The first option is there’s a layer of physics that we just haven’t got to yet that says these values have to be what they are based on first principles. If you set the universe in motion, these values fall out naturally of all of the different processes that happened to get from the big bang to today.
Fraser: So there could be one underlying number or formula or something that everything else is derived from.
Pamela: Exactly.
Fraser: So if you changed the alpha, then lambda would be messed up, and the formula wouldn’t balance anymore.
Pamela: Right. So perhaps there’s an underlying physical explanation that makes it such that this is the only way physics works. We haven’t found that. Physics as we know it allows these values to be changed.
So if these values could be changed, what if instead of there only being one universe, there were an infinite combination of different universes existing in parallel, side-by-side, springing in and out of existence? What if we live in a multi-verse?
Suskein says perhaps we live in a multiverse where as you look across the multiverse there are multiple valleys and in each valley there is a different parameter set.
In this idea, every possible set of values for all of these different numbers exists somewhere. That somewhere just doesn’t happen to be here, and that makes sense because we couldn’t exist if those values weren’t what they are.
So the fact that we’re seeing these values is just a coincidence because we couldn’t exist if they weren’t like this. Should we step out of this universe into another one, we could die instantly because the values were wrong. We probably would, because the majority of the universes out there won’t have these numbers.
Fraser: When you say it’s a multiverse, people imagine these parallel universes where you could travel by wormhole to other universes and everyone’s got little beards and they’re torn apart by violent black holes and gravitational forces.
But it could also be serial, couldn’t it? Just one universe after another. Let’s say there’s infinite time, you could have one universe with the gravitational rate too high, it collapses down, there’s another big bang, it’s too big and it never gets going, and so on. There’s just an infinite number of these big bangs happening until finally you get the one that we happen to be in, where we can talk about it.
Pamela: Exactly, and Andre Lynd has this really great diagram where he looks at it in terms of this inflationary epic after the big bang, in which our universe radically ballooned in size. What if that inflation stopped in the majority of the universe, but in some little pocket of space it continued and a different set of parameters spilled out of existence there? What if there are all these different branching universes that are connected to one another breeding new universes as they spread out in time, space, dimensions, parameters and everything else?
Fraser: All right. You said three, what was the third possibility?
Pamela: The third possibility which science can’t address in any way, is there is something out there tweaking our universe to be just so. We are in a locker in the movie Men in Black. We are somebody’s laboratory experiment, there’s a God out there.

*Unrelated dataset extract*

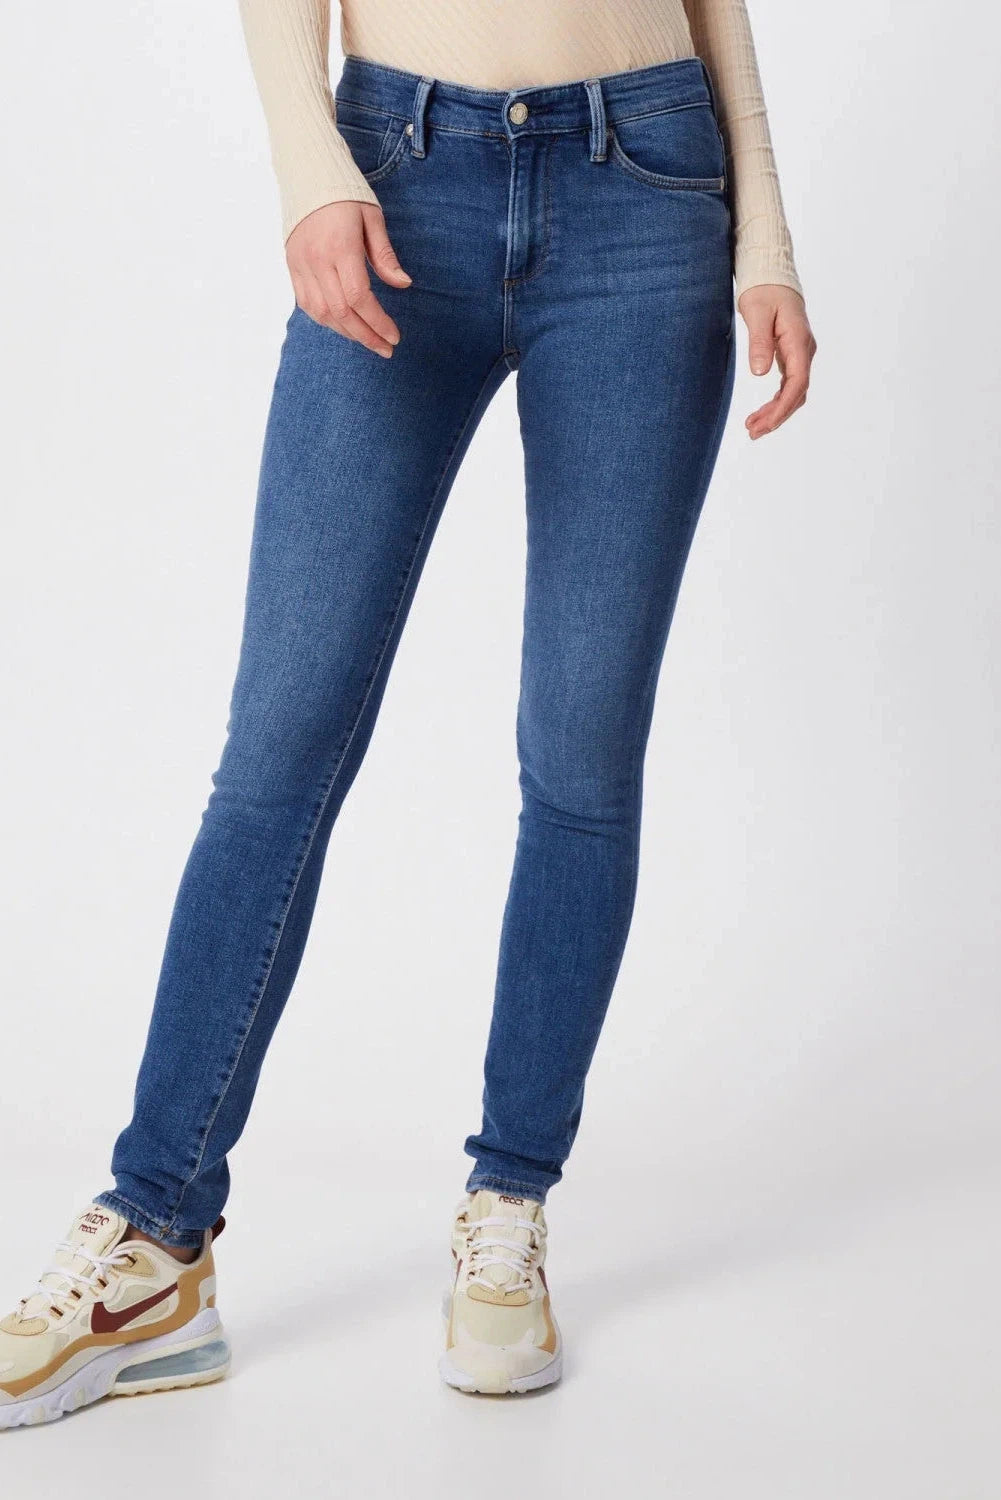 S.Oliver Blue Denim Skinny Jeans / 6 / Reg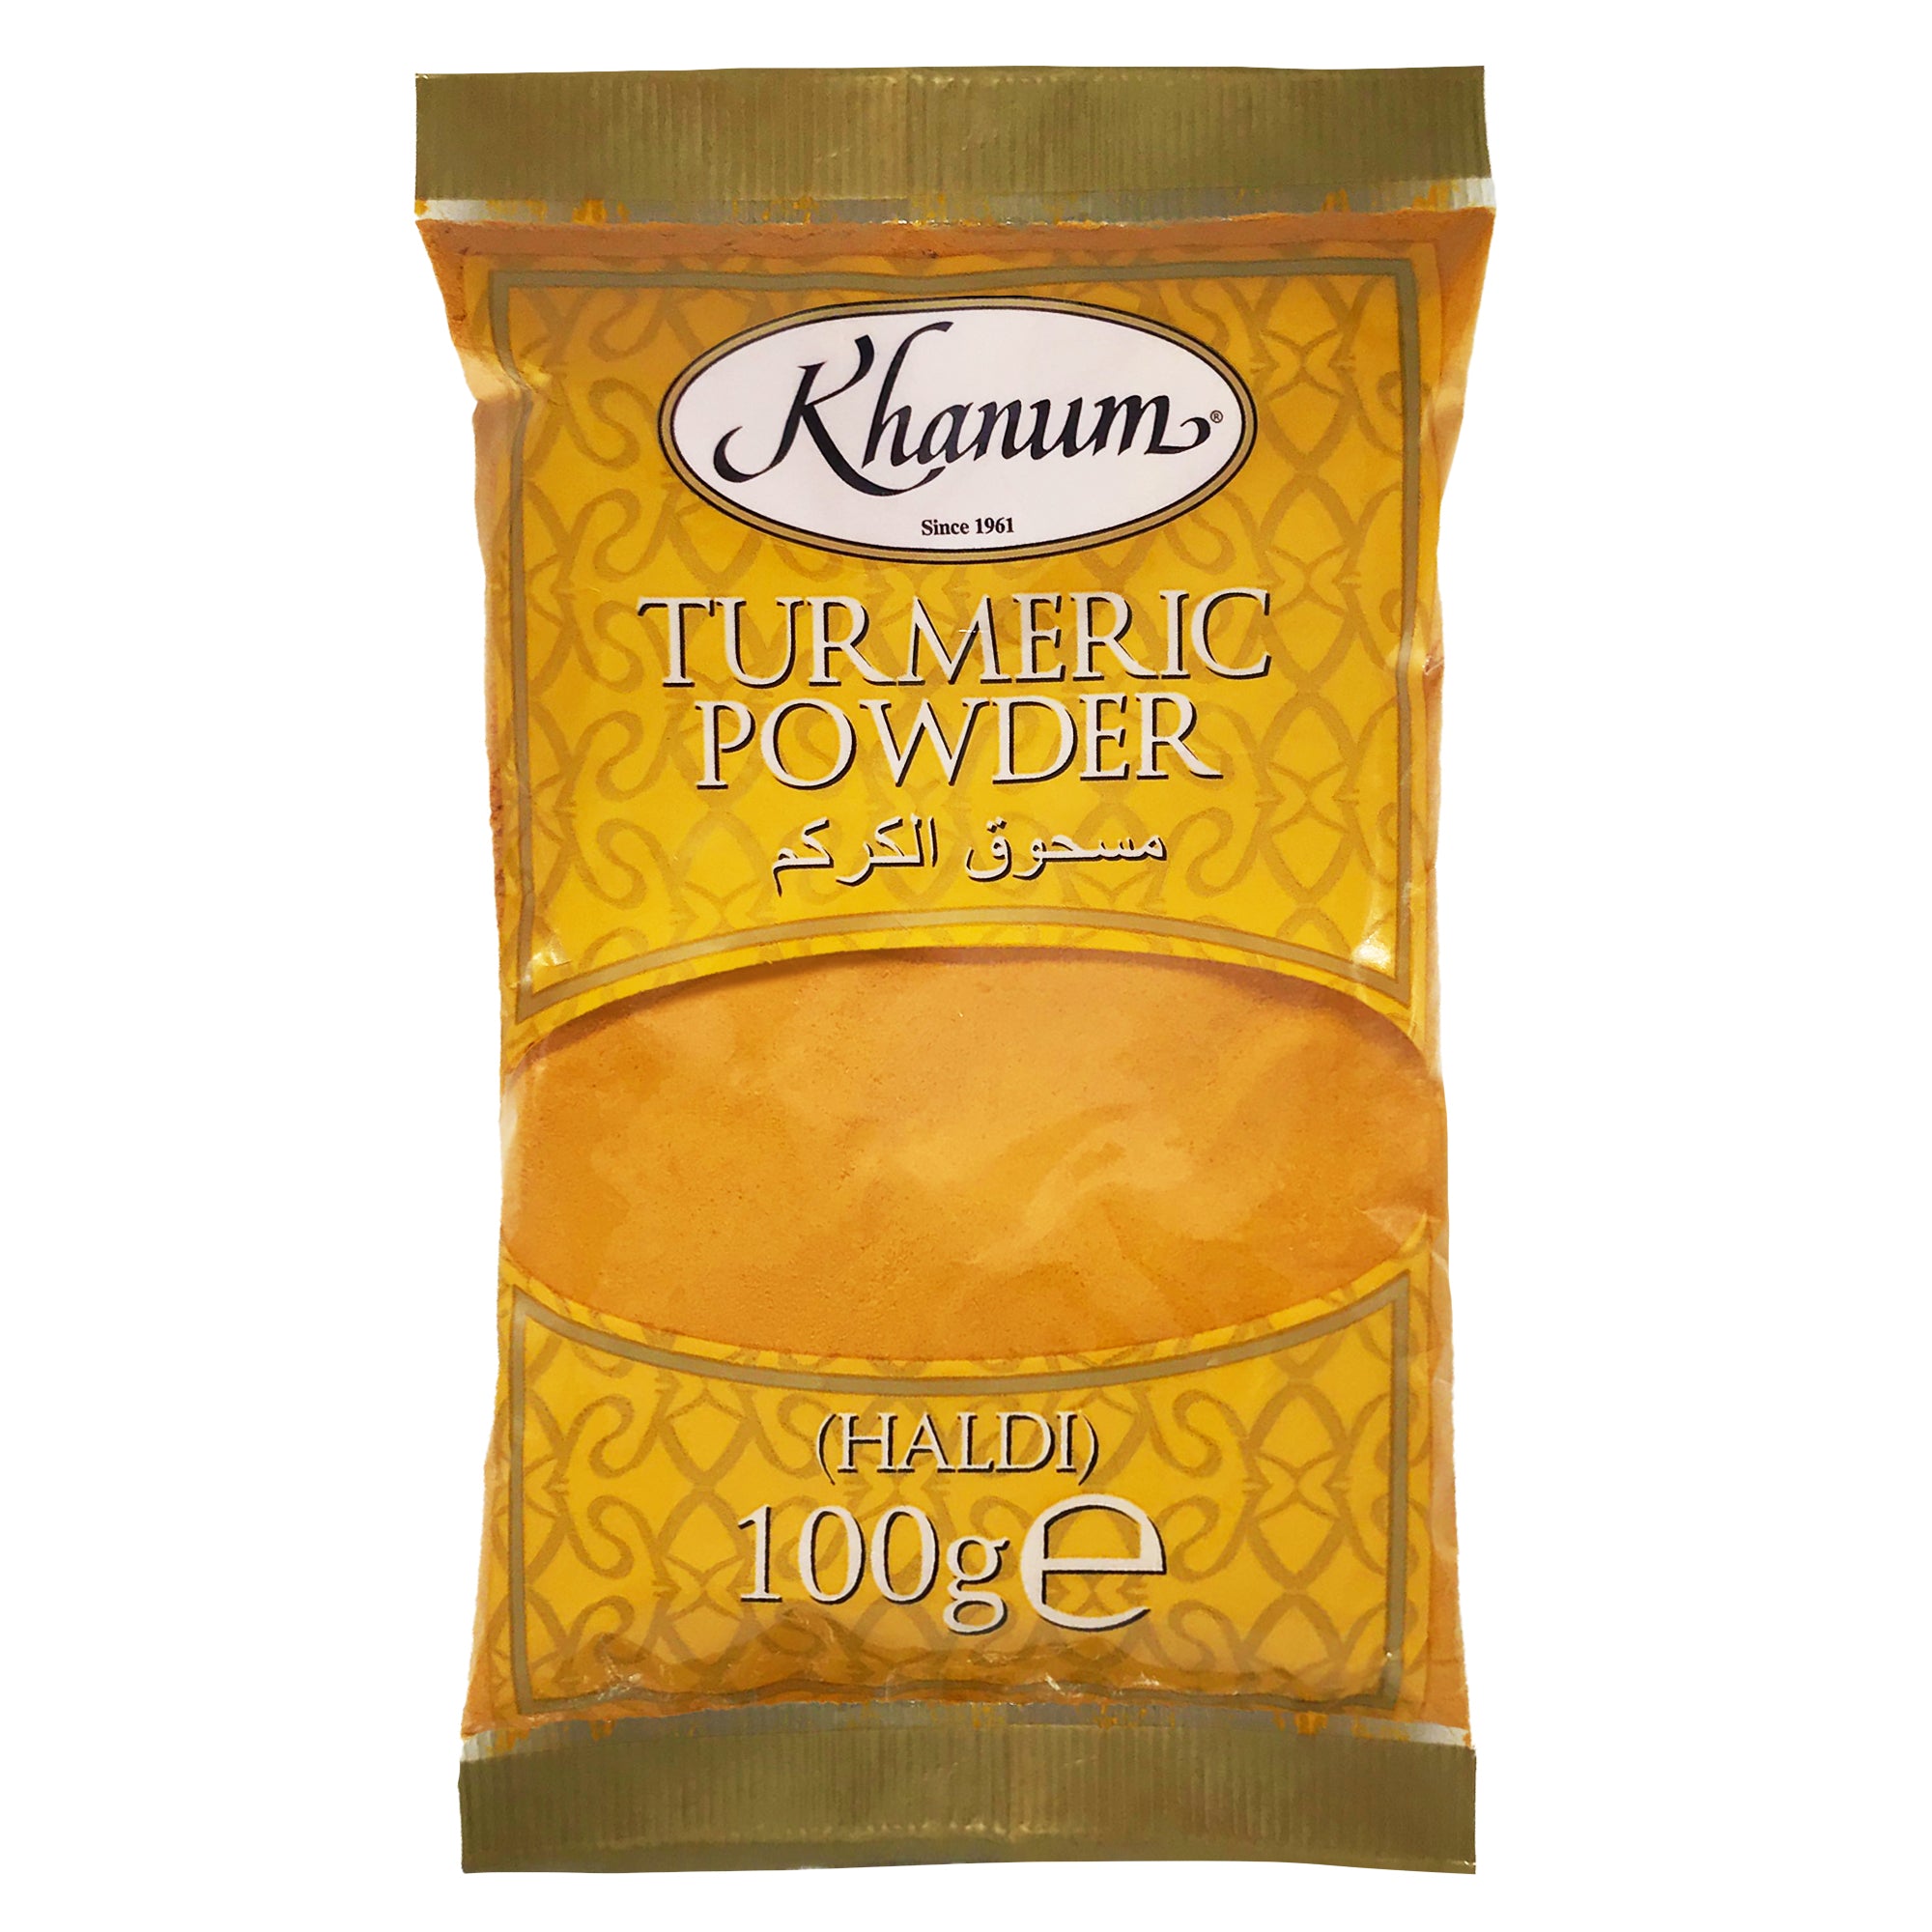 Khanum Turmeric Powder (HALDI) 20x100g

Science can’t address this, or the multiverse, because we can’t study anything not in our universe. So we’re left in this bad position where we have three options and science as we know it can only address one, so we don’t know what the truth is.
Fraser: Right, but that’s not going to stop science.
Pamela: it’s not going to stop us. We’re still going to try. There are people out there working on multiverse theories or looking for the underlying physics.
You know, if a god out there decided to come down, stand here and tweak parameters in front of us, that would work too.
Fraser: (laughing) Perfect! I’ll wait for that.
Okay, great Pamela. Thanks a lot. Now we know how special the universe is that we live in, and look forward to next week.
This transcript is not an exact match to the audio file. It has been edited for clarity.